═══ Exercise data ═══

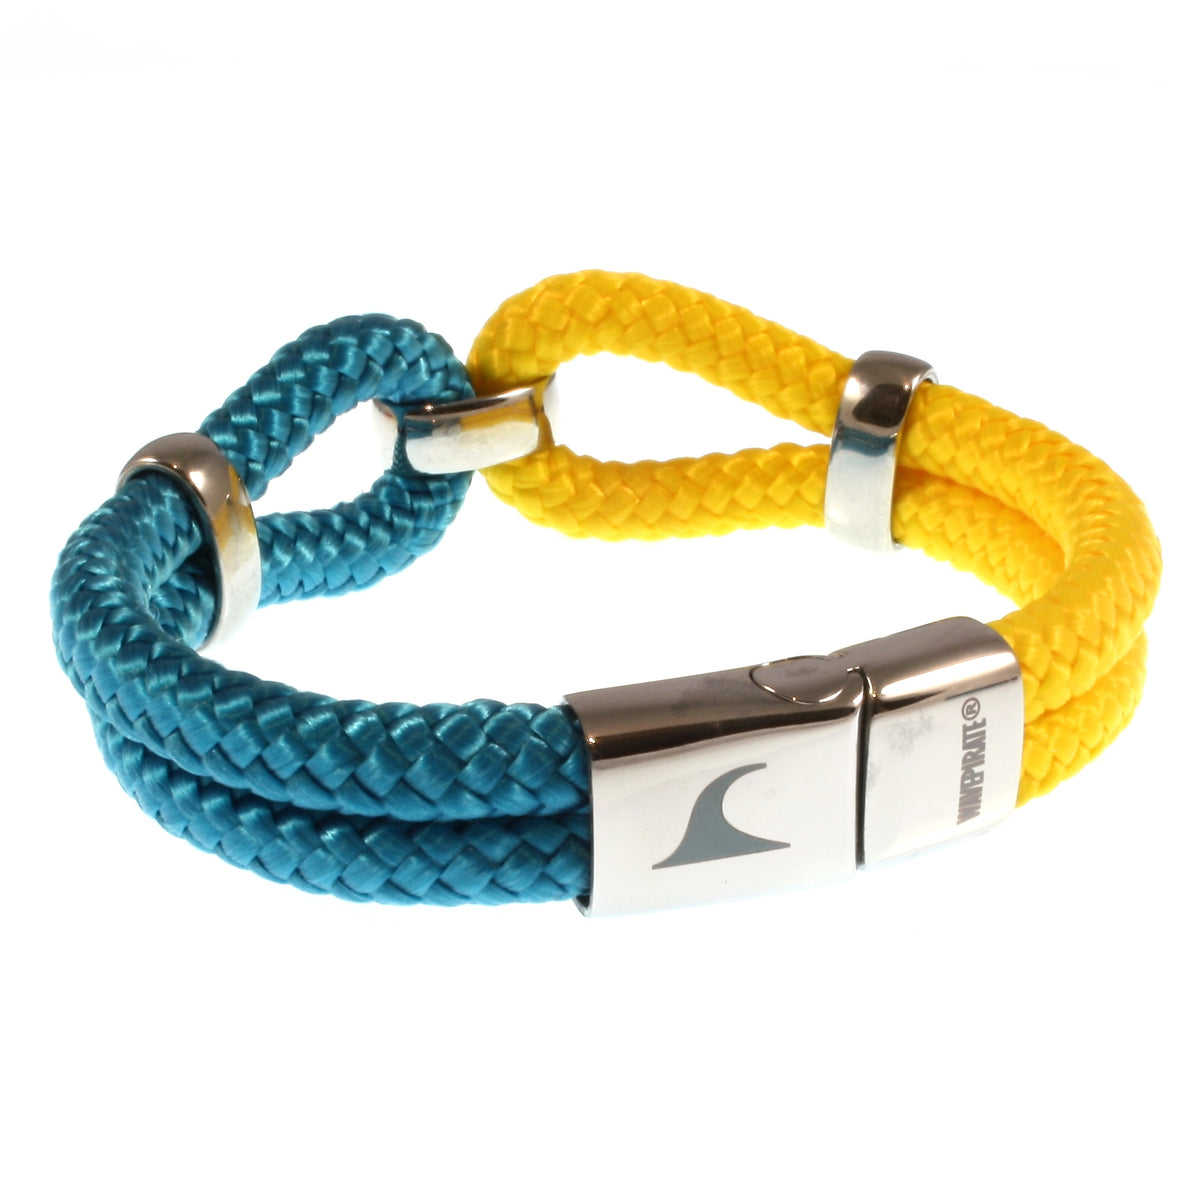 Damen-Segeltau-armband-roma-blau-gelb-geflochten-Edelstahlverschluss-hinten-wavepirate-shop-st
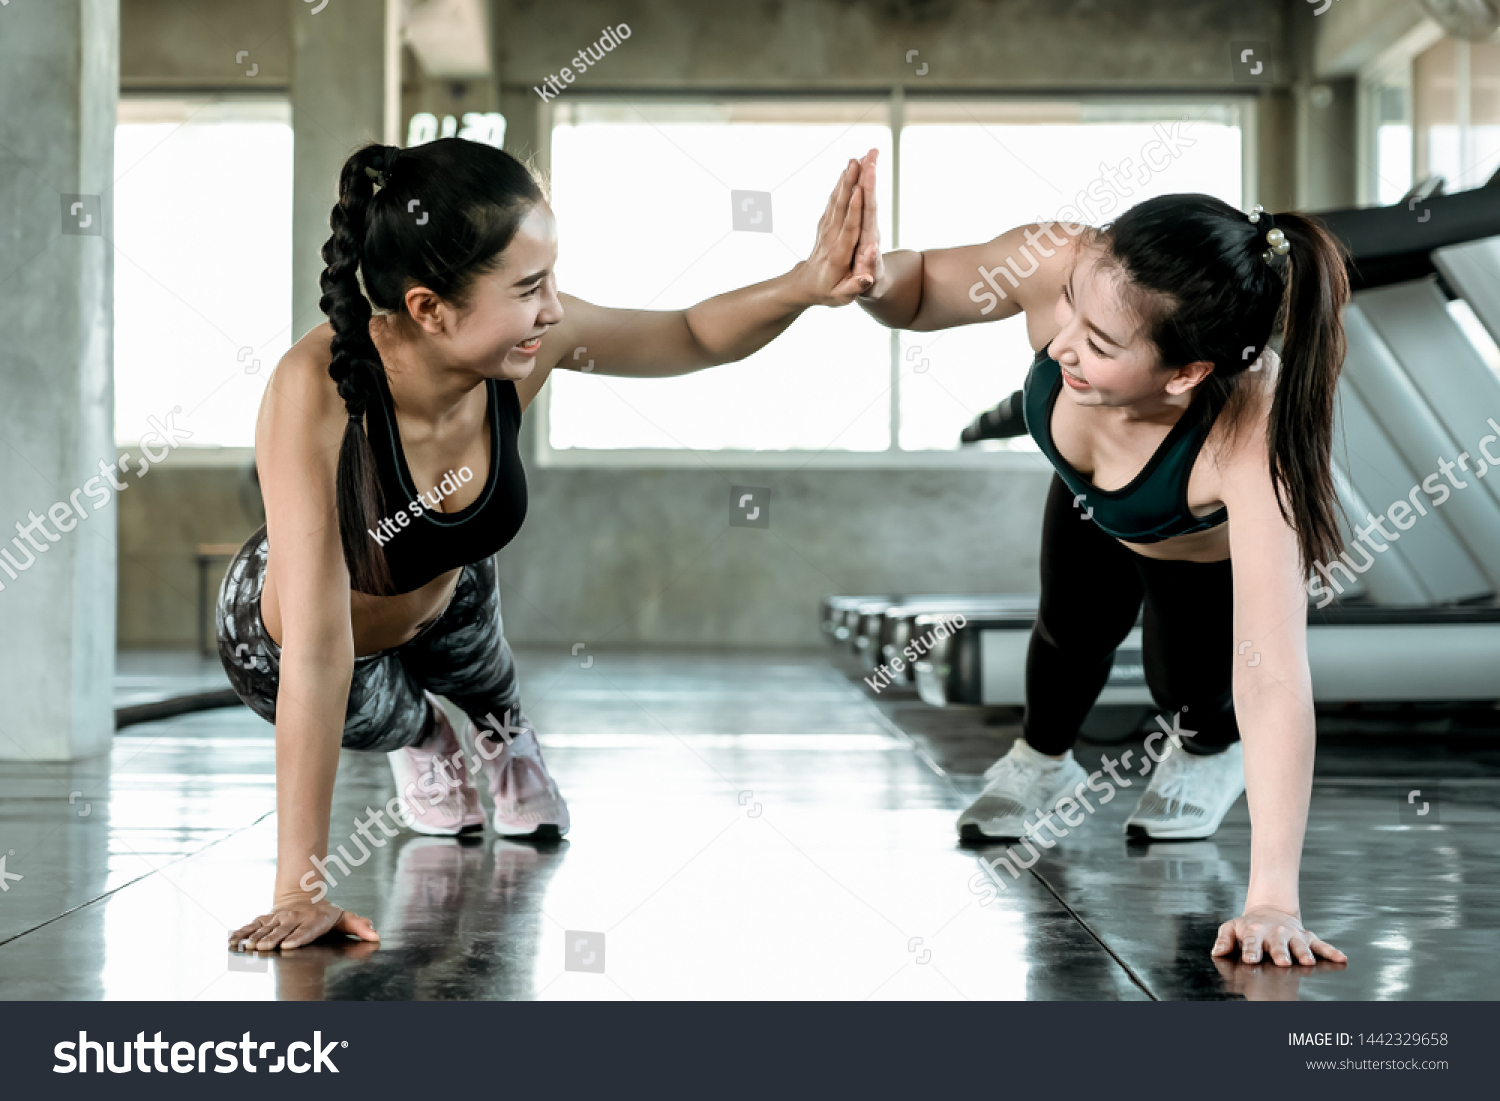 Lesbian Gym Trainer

═══
═══ Exercise data ═══

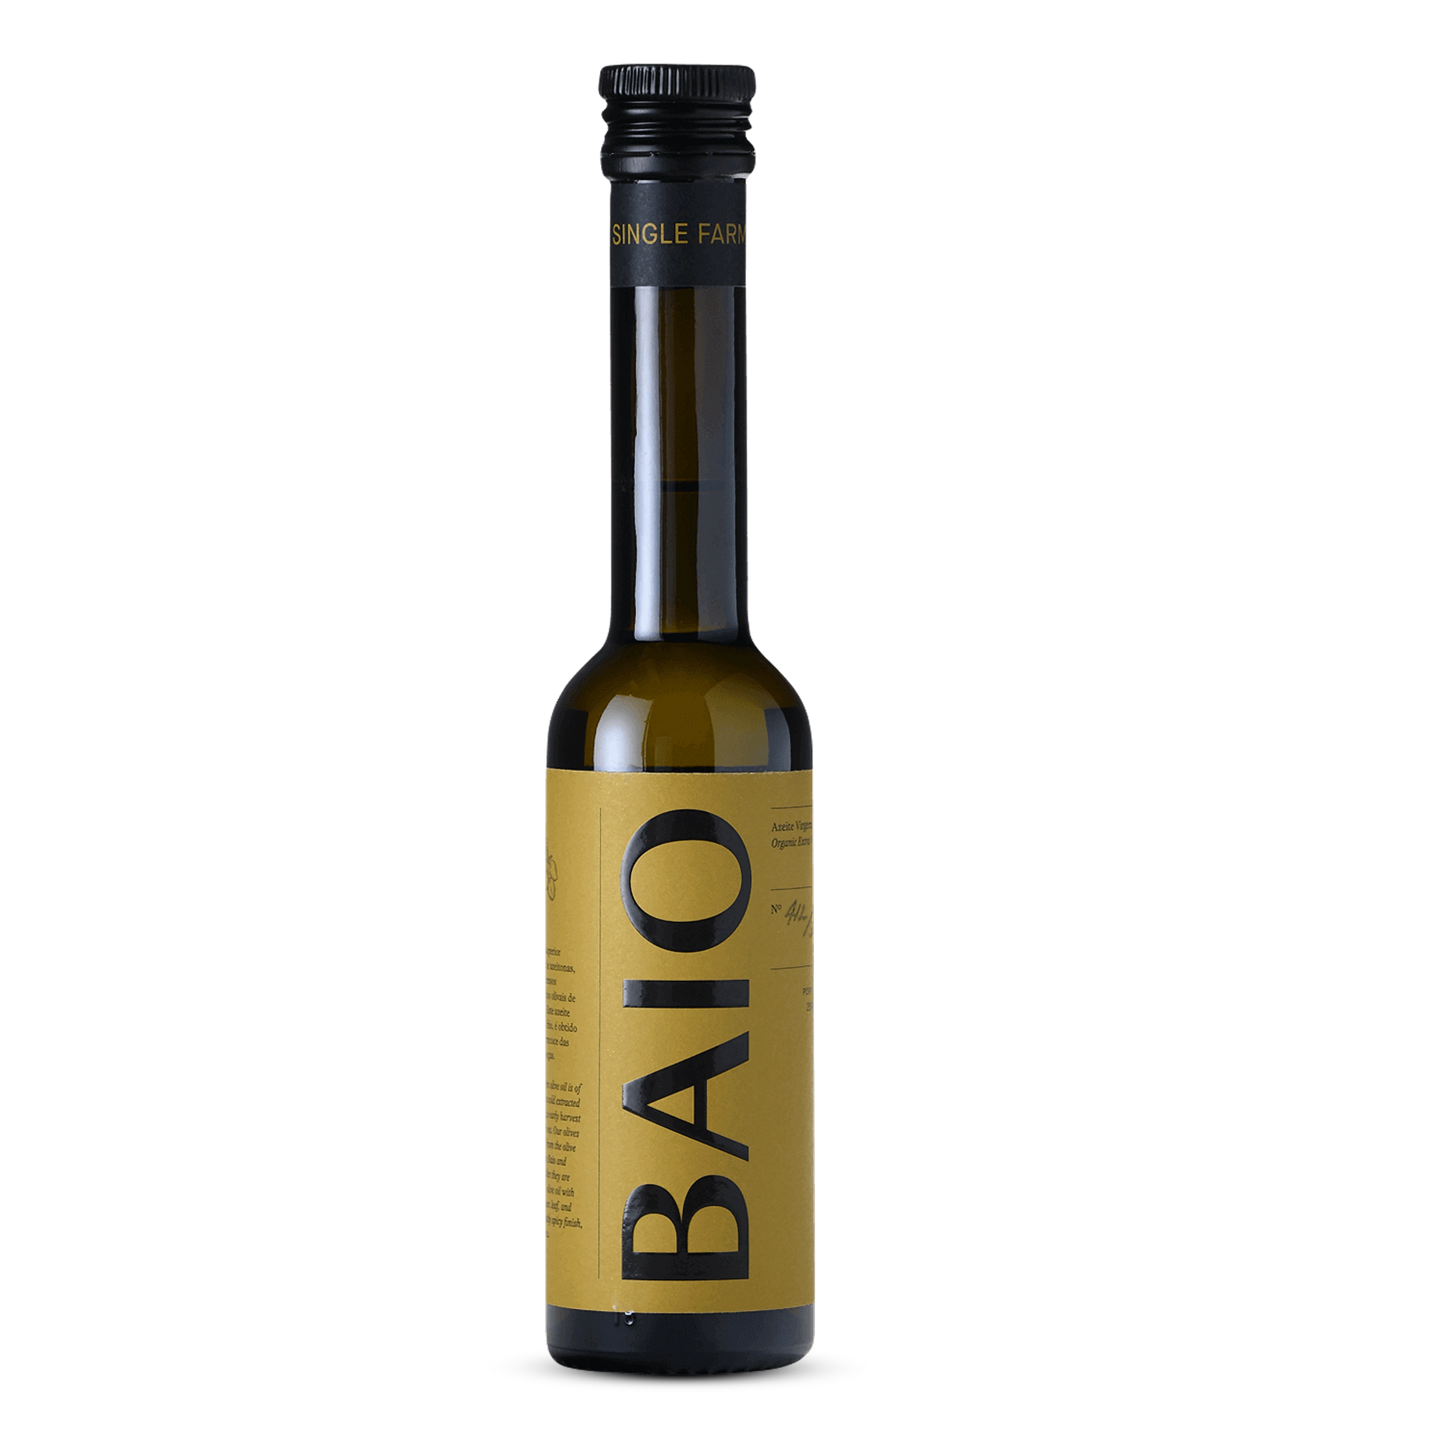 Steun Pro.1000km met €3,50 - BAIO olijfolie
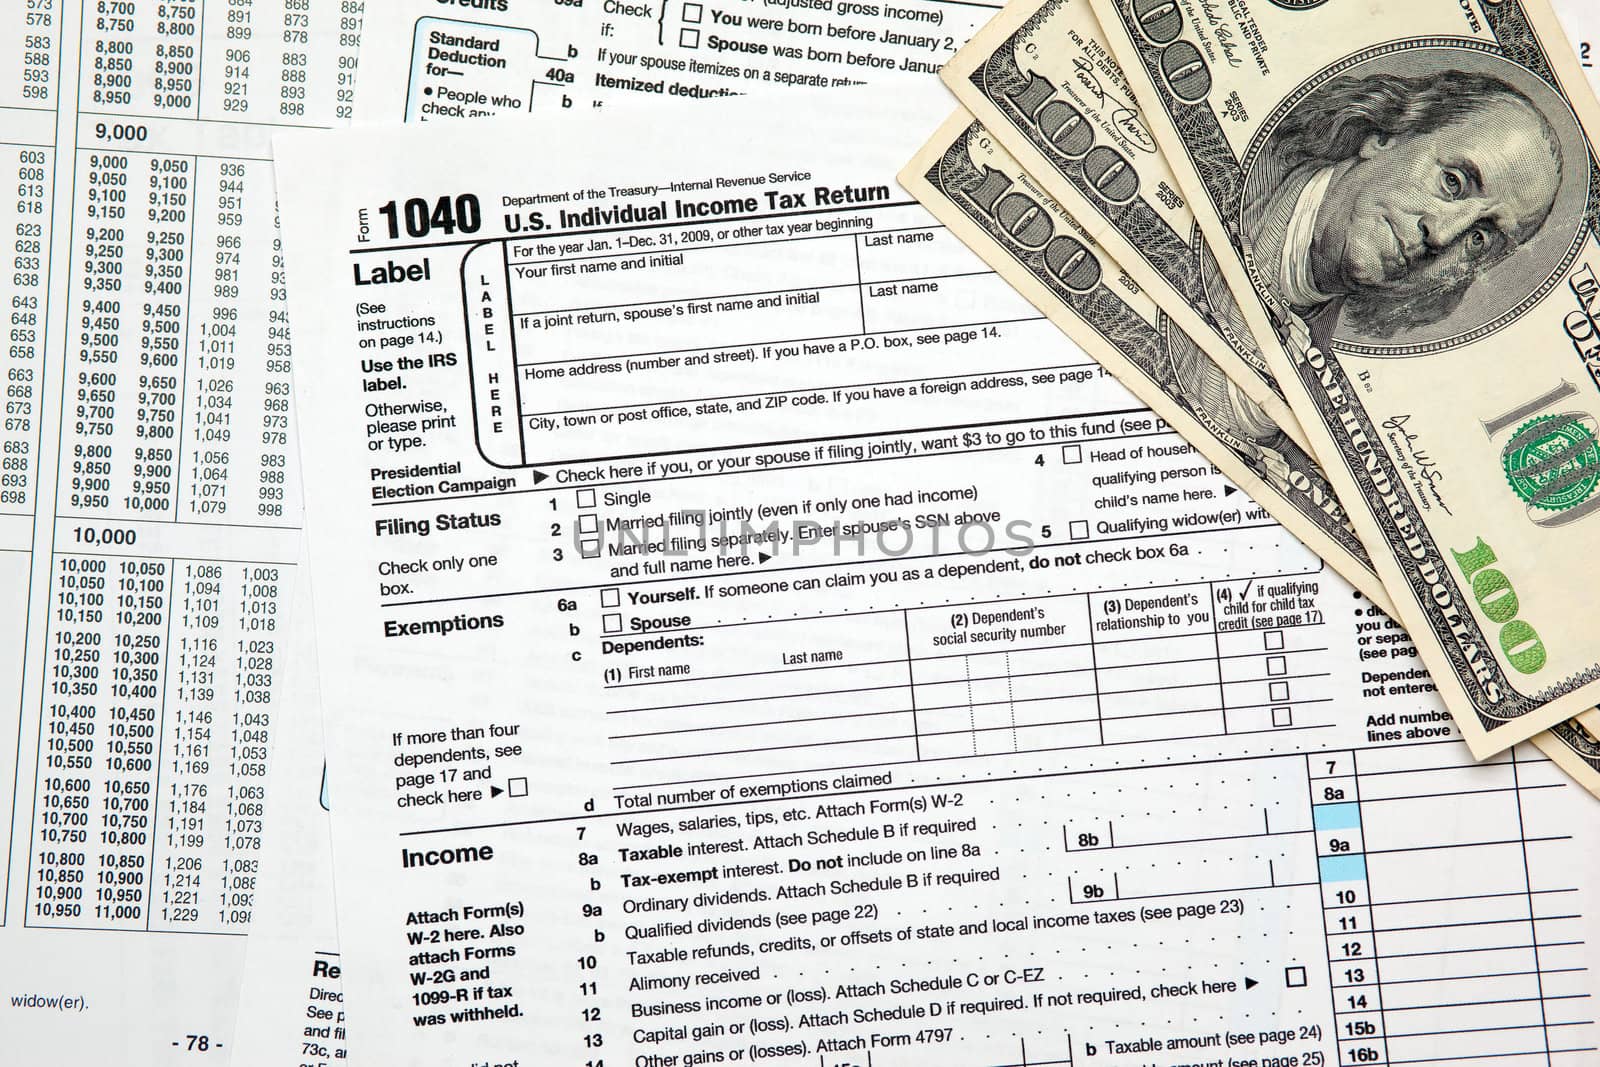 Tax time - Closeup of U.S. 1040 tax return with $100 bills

═══
═══ Exercise data ═══

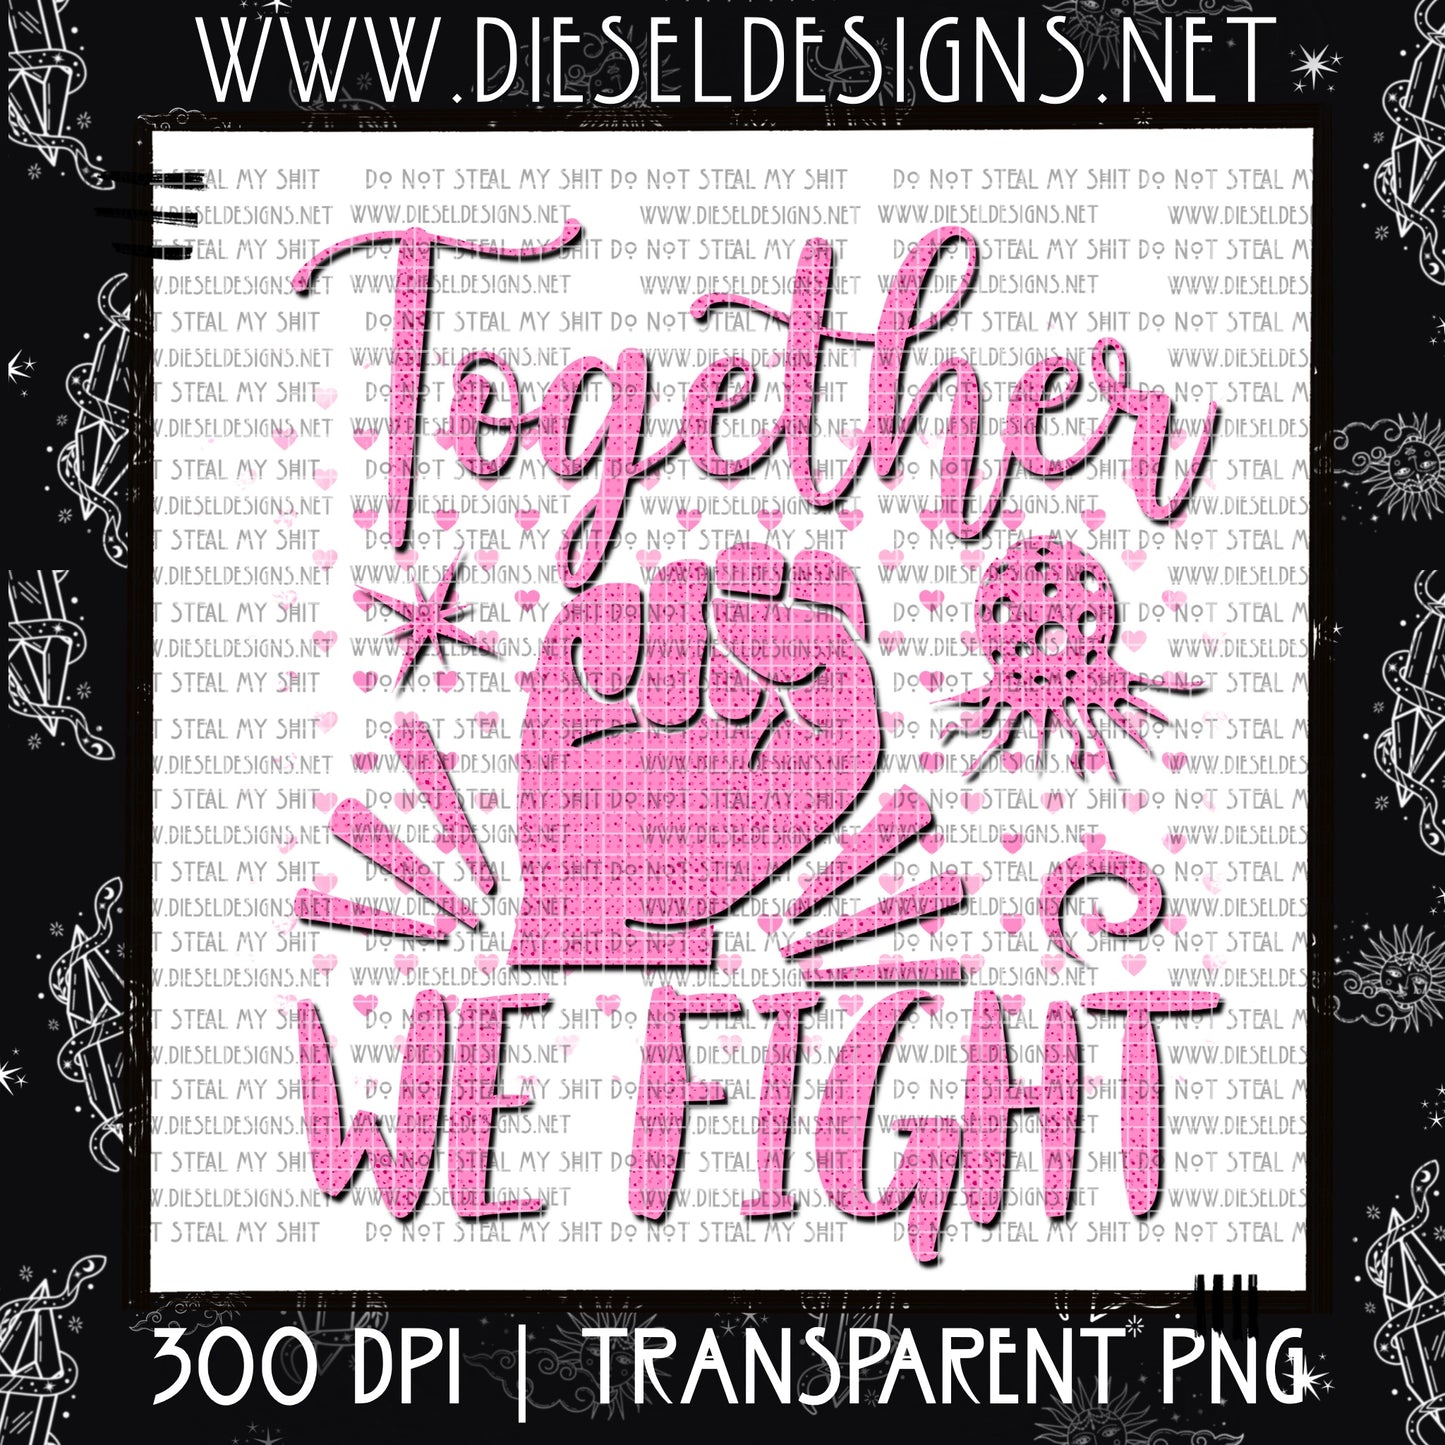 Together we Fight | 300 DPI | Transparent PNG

═══

## Task description
In the records above, copy exactly everything from the line that has "Steun Pro.1000km met €3,50 - BAIO olijfolie" down to the line that has "Tax time - Closeup", both ends included, and leave out the pictures.

## Response to this task
 Steun Pro.1000km met €3,50 - BAIO olijfolie
 Tax time - Closeup of U.S. 1040 tax return with $100 bills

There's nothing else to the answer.